A study published recently in the Journal of Neuroscience points, for the first time, to the gene trkC as a factor in susceptibility to the disease. The researchers define the specific mechanism for the formation of fear memories which will help in the development of new pharmacological and cognitive treatments.
Five out of every 100 people in Spain suffer from panic disorder, one of the diseases included within the anxiety disorders, and they experience frequent and sudden attacks of fear that may influence their everyday lives, sometimes even rendering them incapable of things like going to the shops, driving the car or holding down a job.
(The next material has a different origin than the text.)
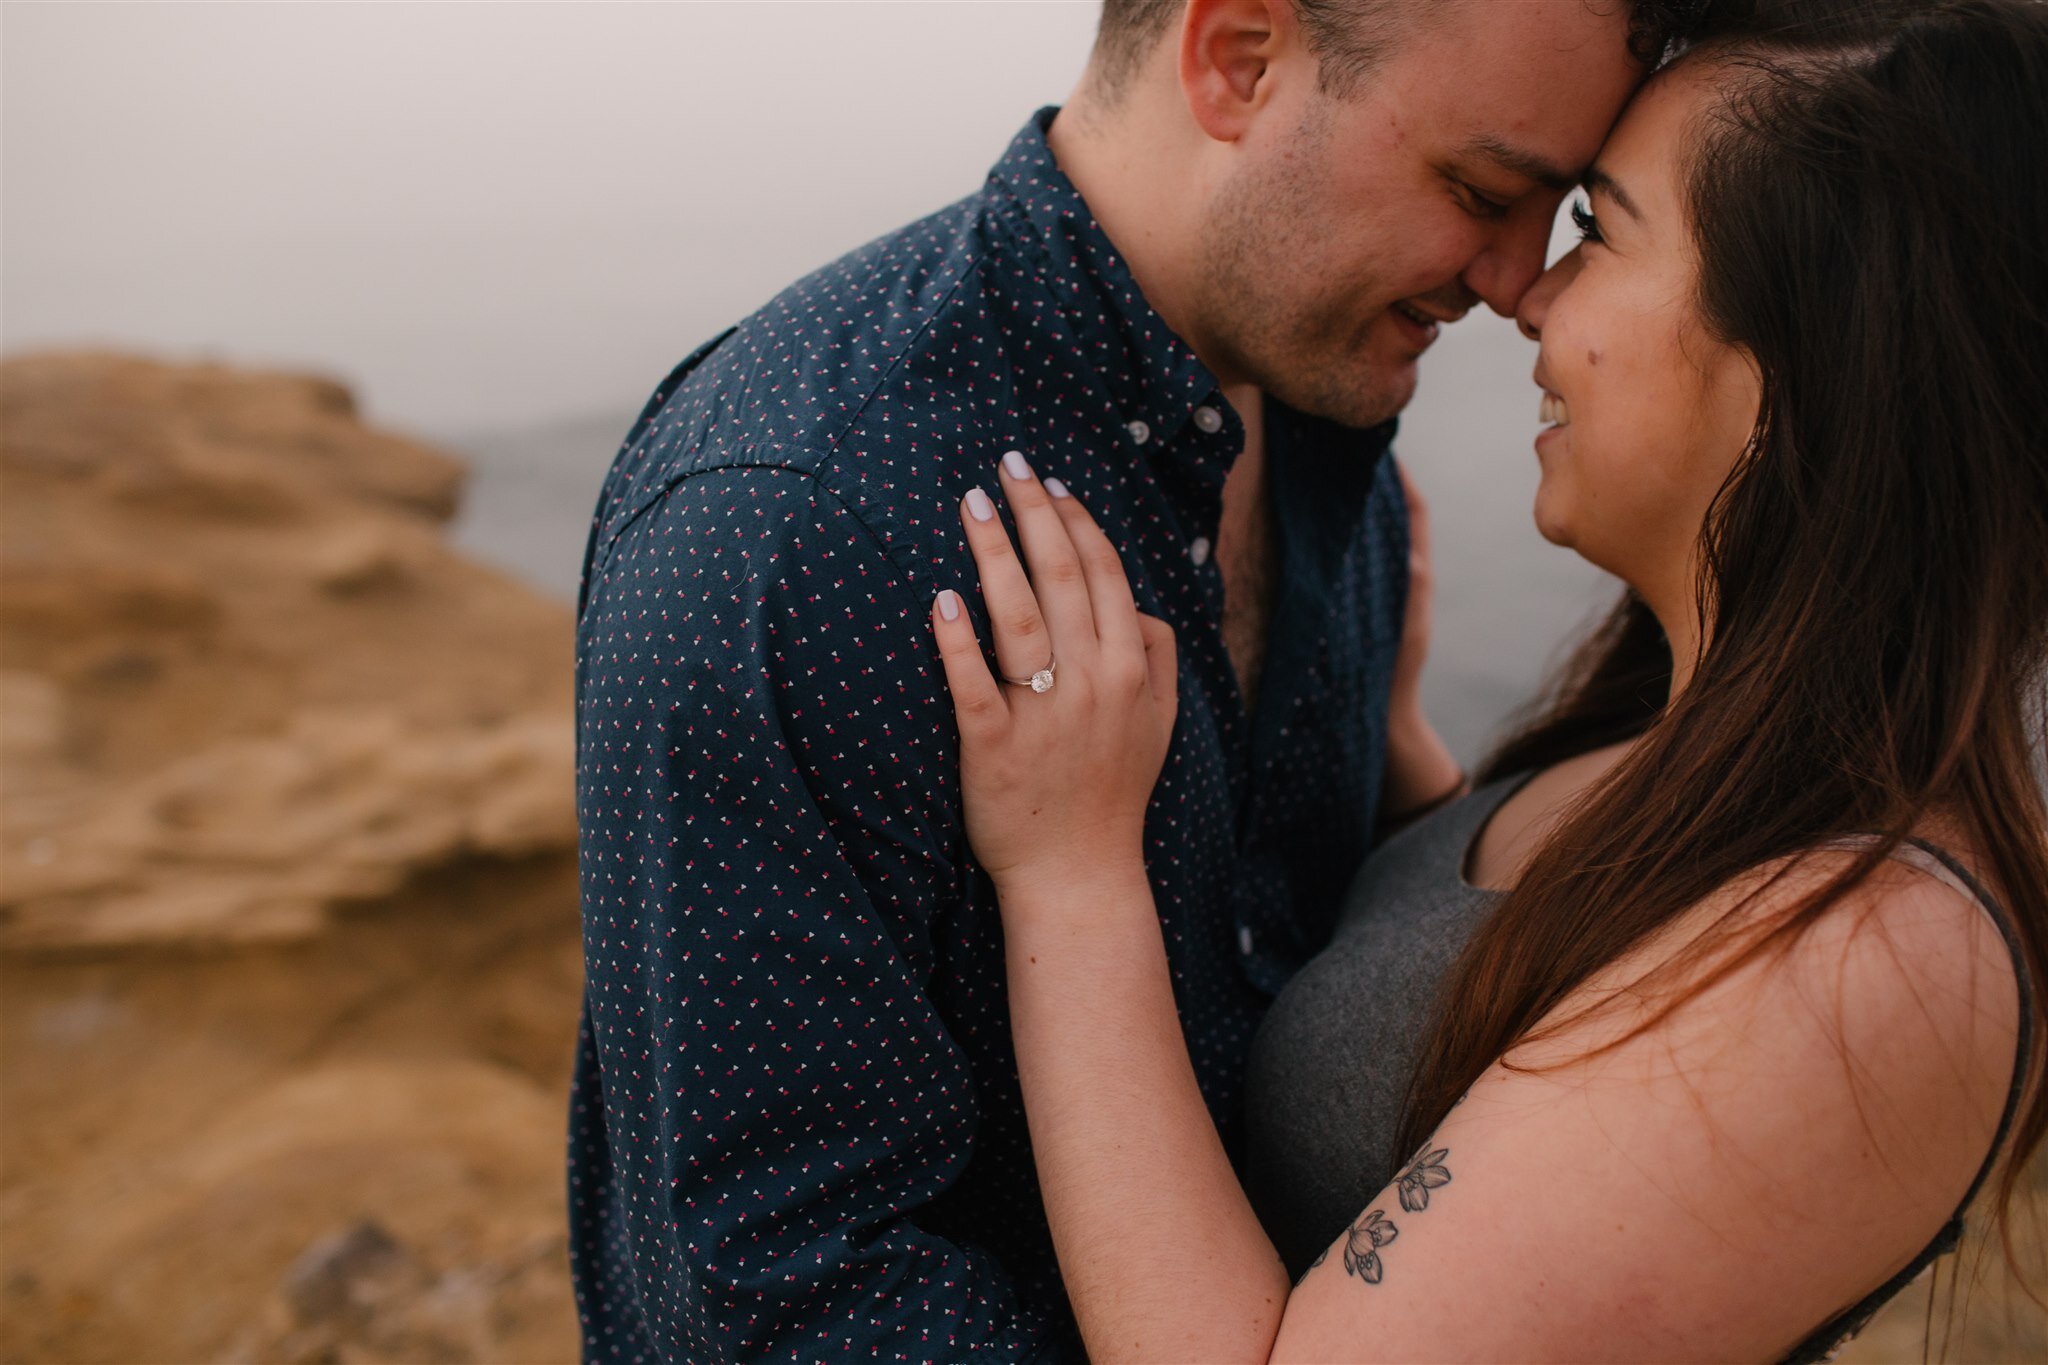 sunset-cliffs-san-diego-surprise-proposal-engagement-socal-southern-california-wedding-elopement-photographer-beach-ocean-14.jpg

It was known that this disease had a neurobiological and genetic basis and for some time the search had been on to discover which genes were involved in its development, with certain genes being implicated without their physiopathological contribution being understood. Now, for the first time, researchers from the Centre for Genomic Regulation (CRG) have revealed that the gene NTRK3, responsible for encoding a protein essential for the formation of the brain, the survival of neurons and establishing connections between them, is a factor in genetic susceptibility to panic disorder.
"We have observed that deregulation of NTRK3 produces changes in brain development that lead to malfunctions in the fear-related memory system," explains Mara Dierssen, head of the Cellular and Systems Neurobiology group at the CRG. "In particular, this system is more efficient at processessing information to do with fear, the thing that makes a person overestimate the risk in a situation and therefore feel more frightened and, also, that stores that information in a more lasting and consistent manner."
Different regions of the human brain are responsible for processing this feeling, although the hippocampus and amygdala play crucial roles. On the one hand, the hippocampus is responsible for forming memories and processing contextual information, which means that the person may be afraid of being in places where they could suffer a panic attack; and on the other, the amygdala is crucial in converting this information into a physiological fear response.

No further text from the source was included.